◆ TASK DETAILS:
Reproduce the listing exactly and skip over any pictures.

*** Opening of PROVIDED MATERIAL ***

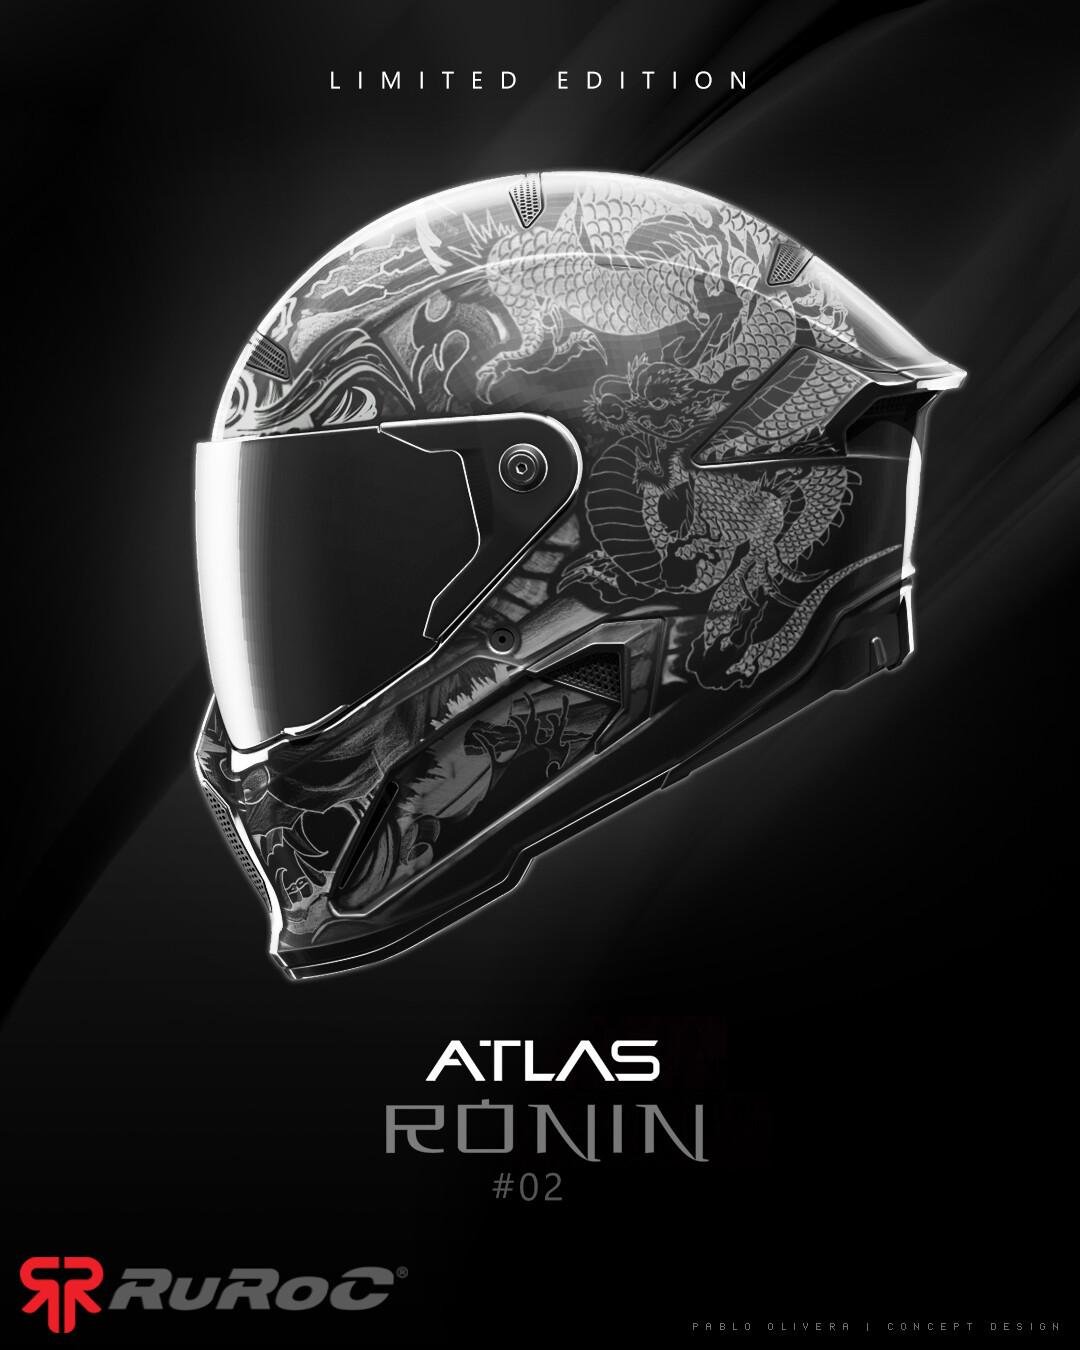 Pablo olivera helmet ruroc limited edition atlas ronin v02
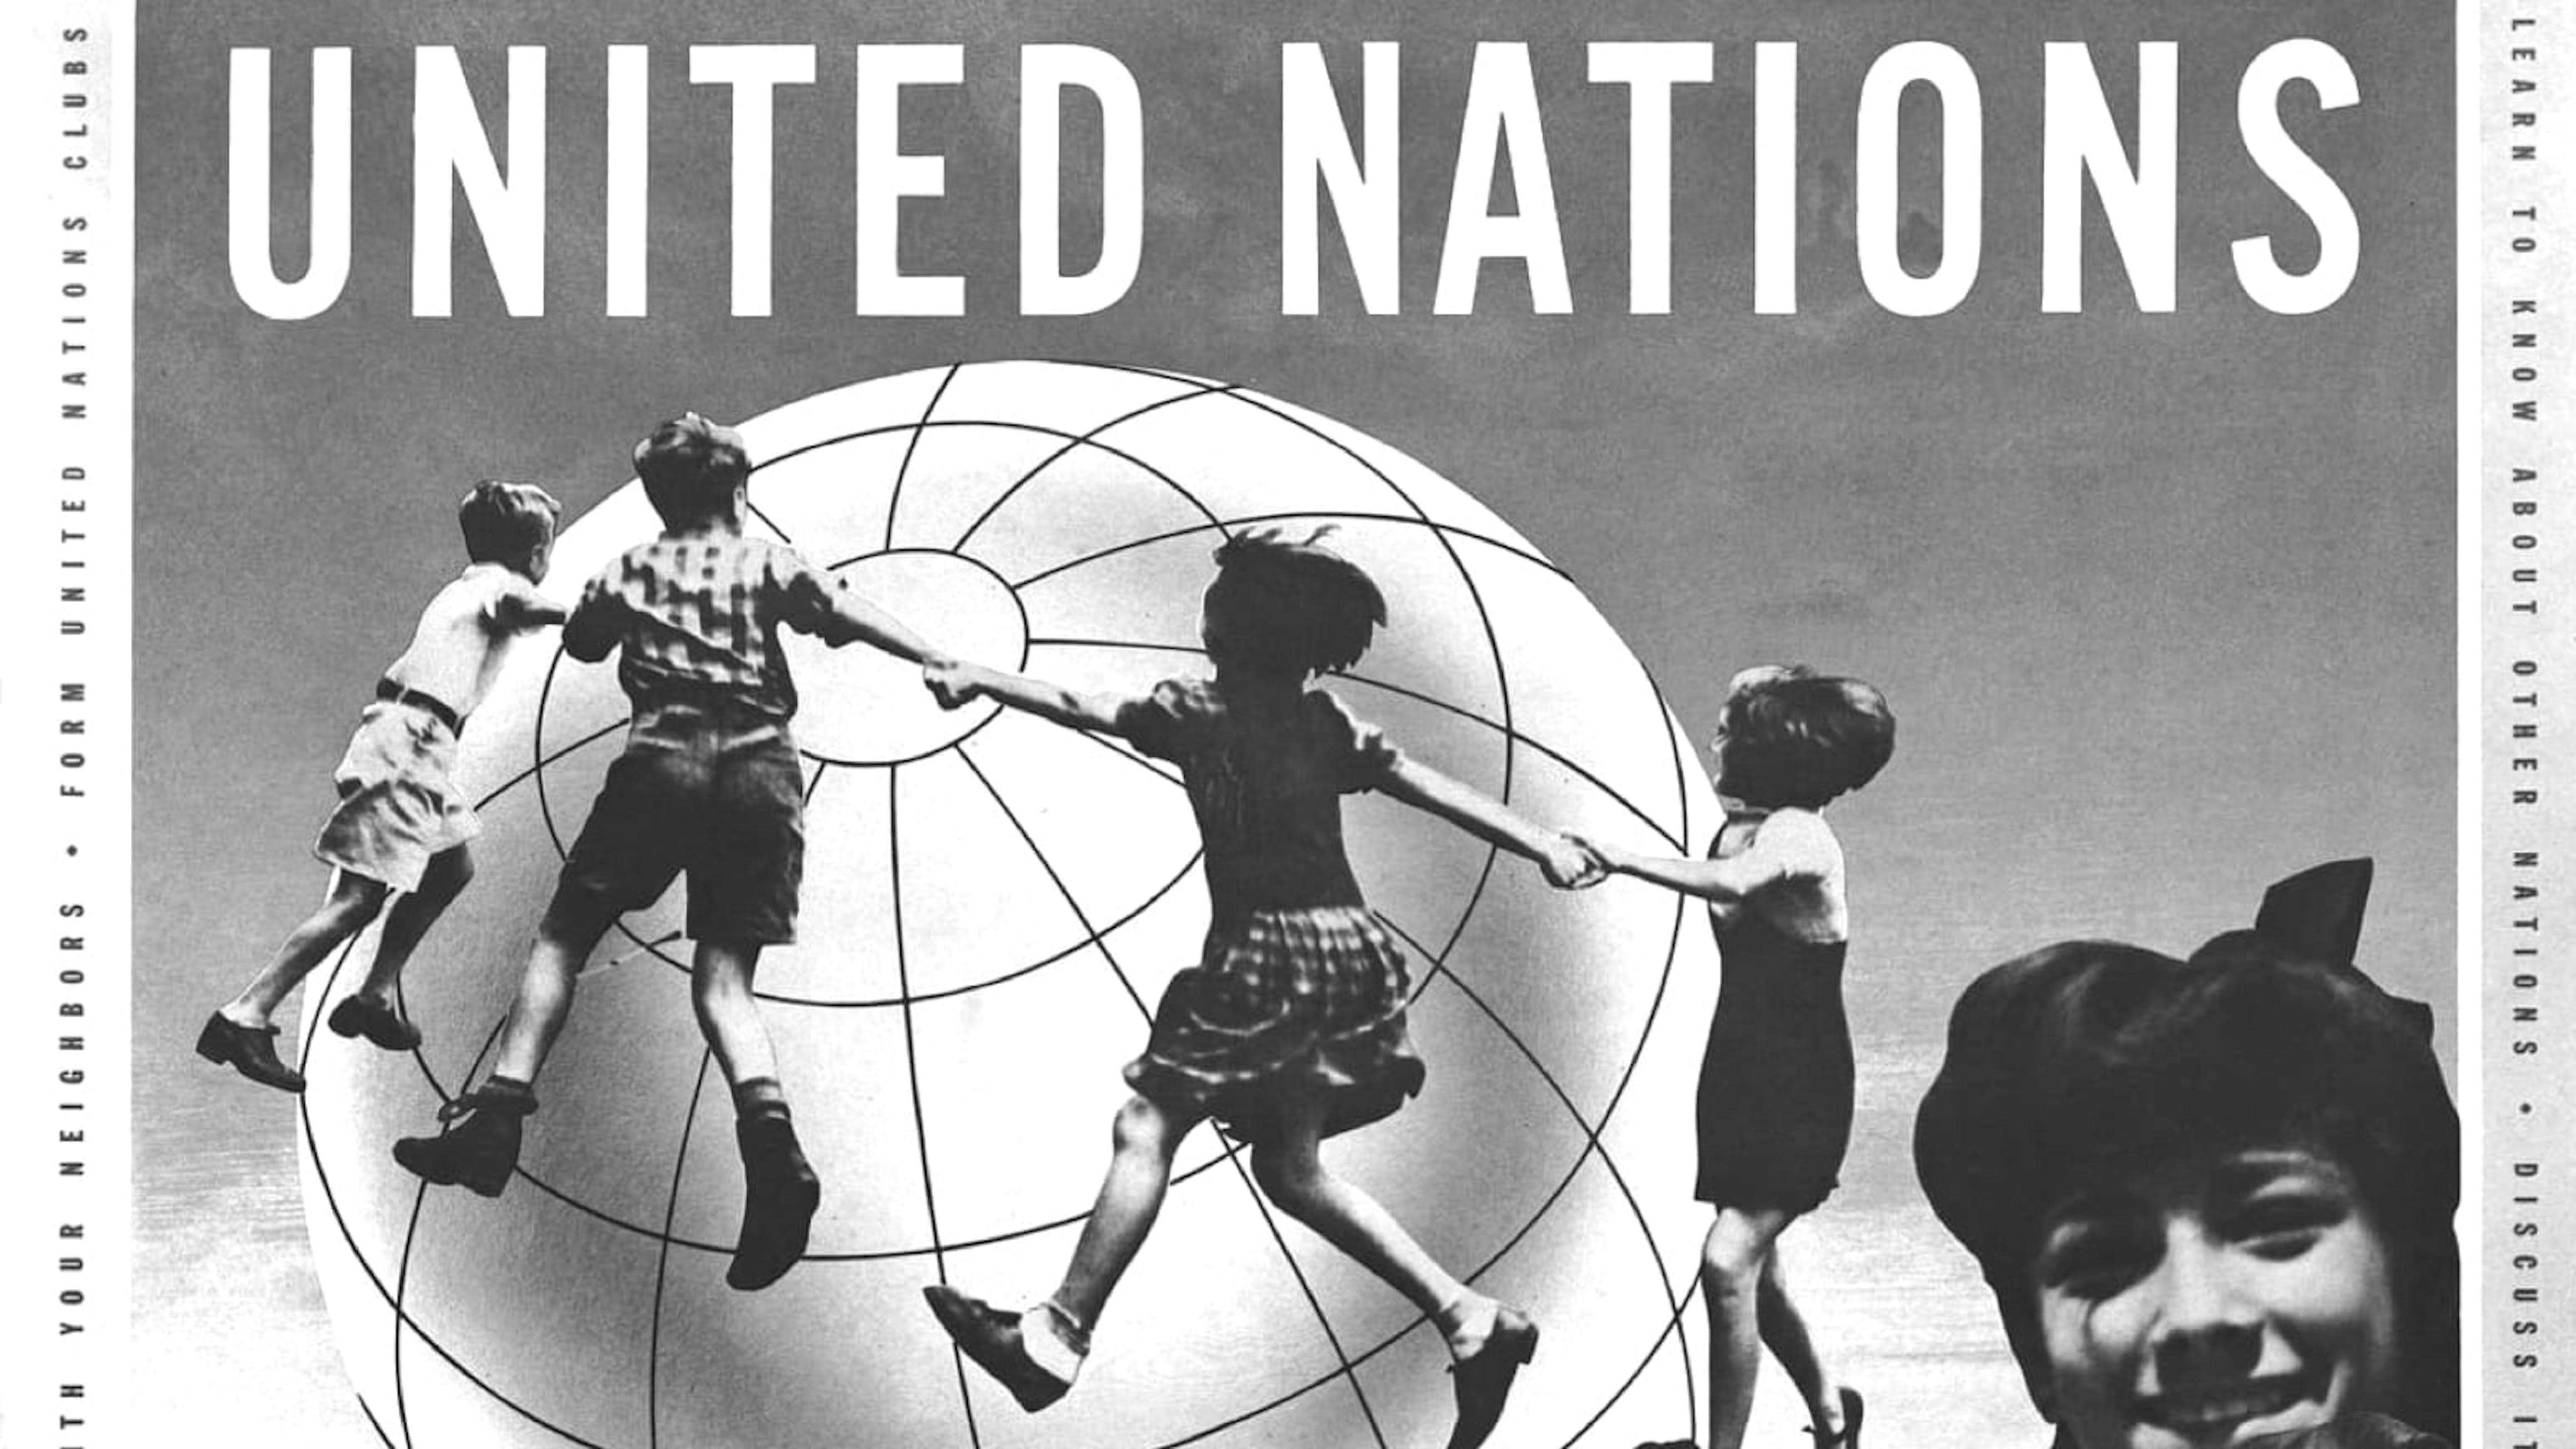 L'Assemblea Generale delle Nazioni Unite approva all'unanimità la Dichiarazione dei diritti dell'infanzia.
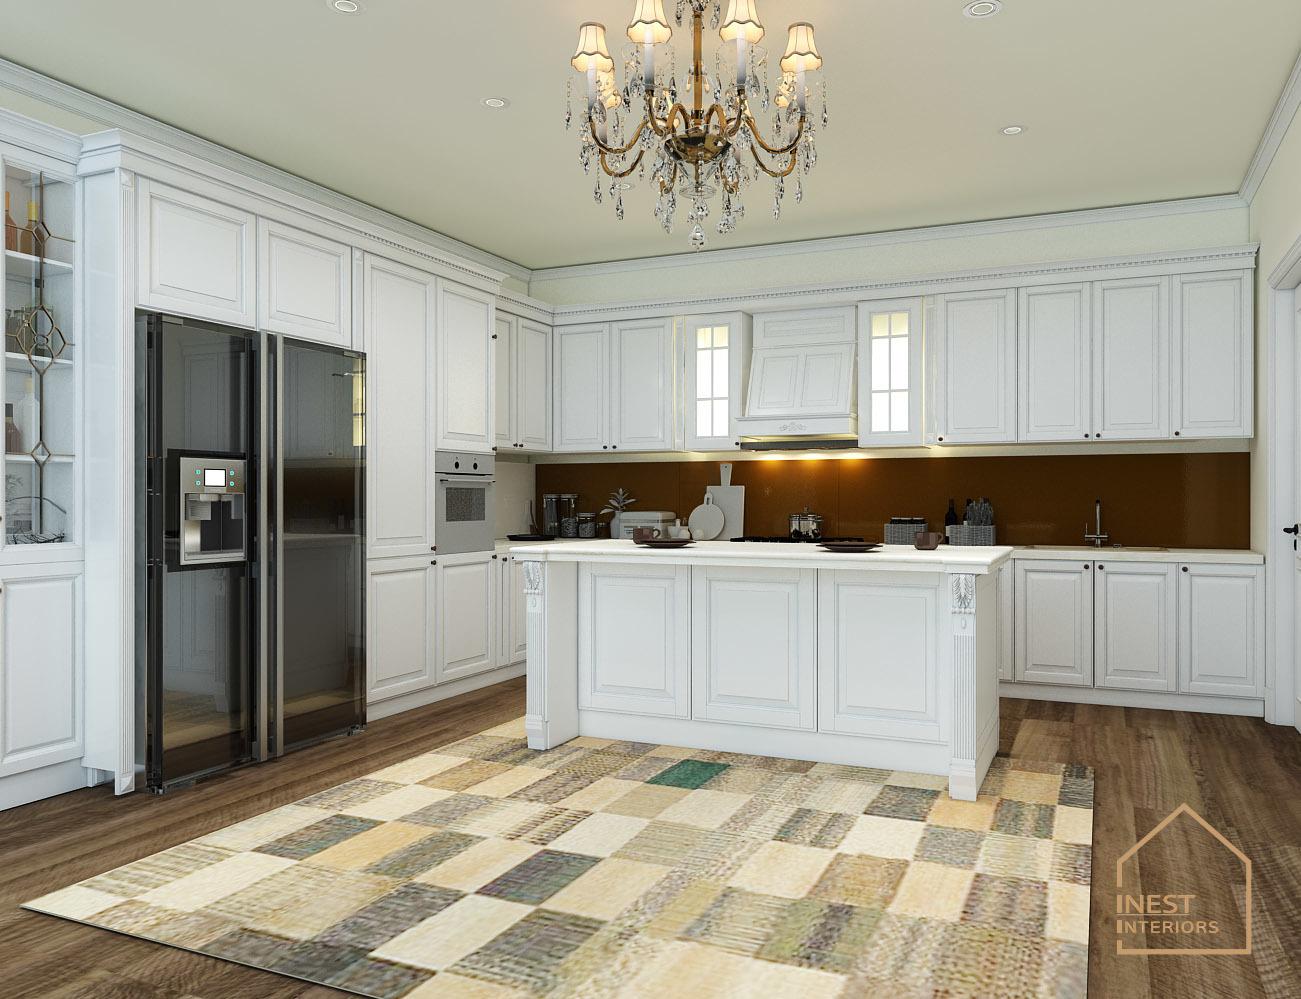 Thiết kế nội thất phòng bếp màu trắng

*** Close of PROVIDED MATERIAL ***

◆ EXERCISE RESPONSE:
 Pablo olivera helmet ruroc limited edition atlas ronin v02
 L'Assemblea Generale delle Nazioni Unite approva all'unanimità la Dichiarazione dei diritti dell'infanzia.
 Thiết kế nội thất phòng bếp màu trắng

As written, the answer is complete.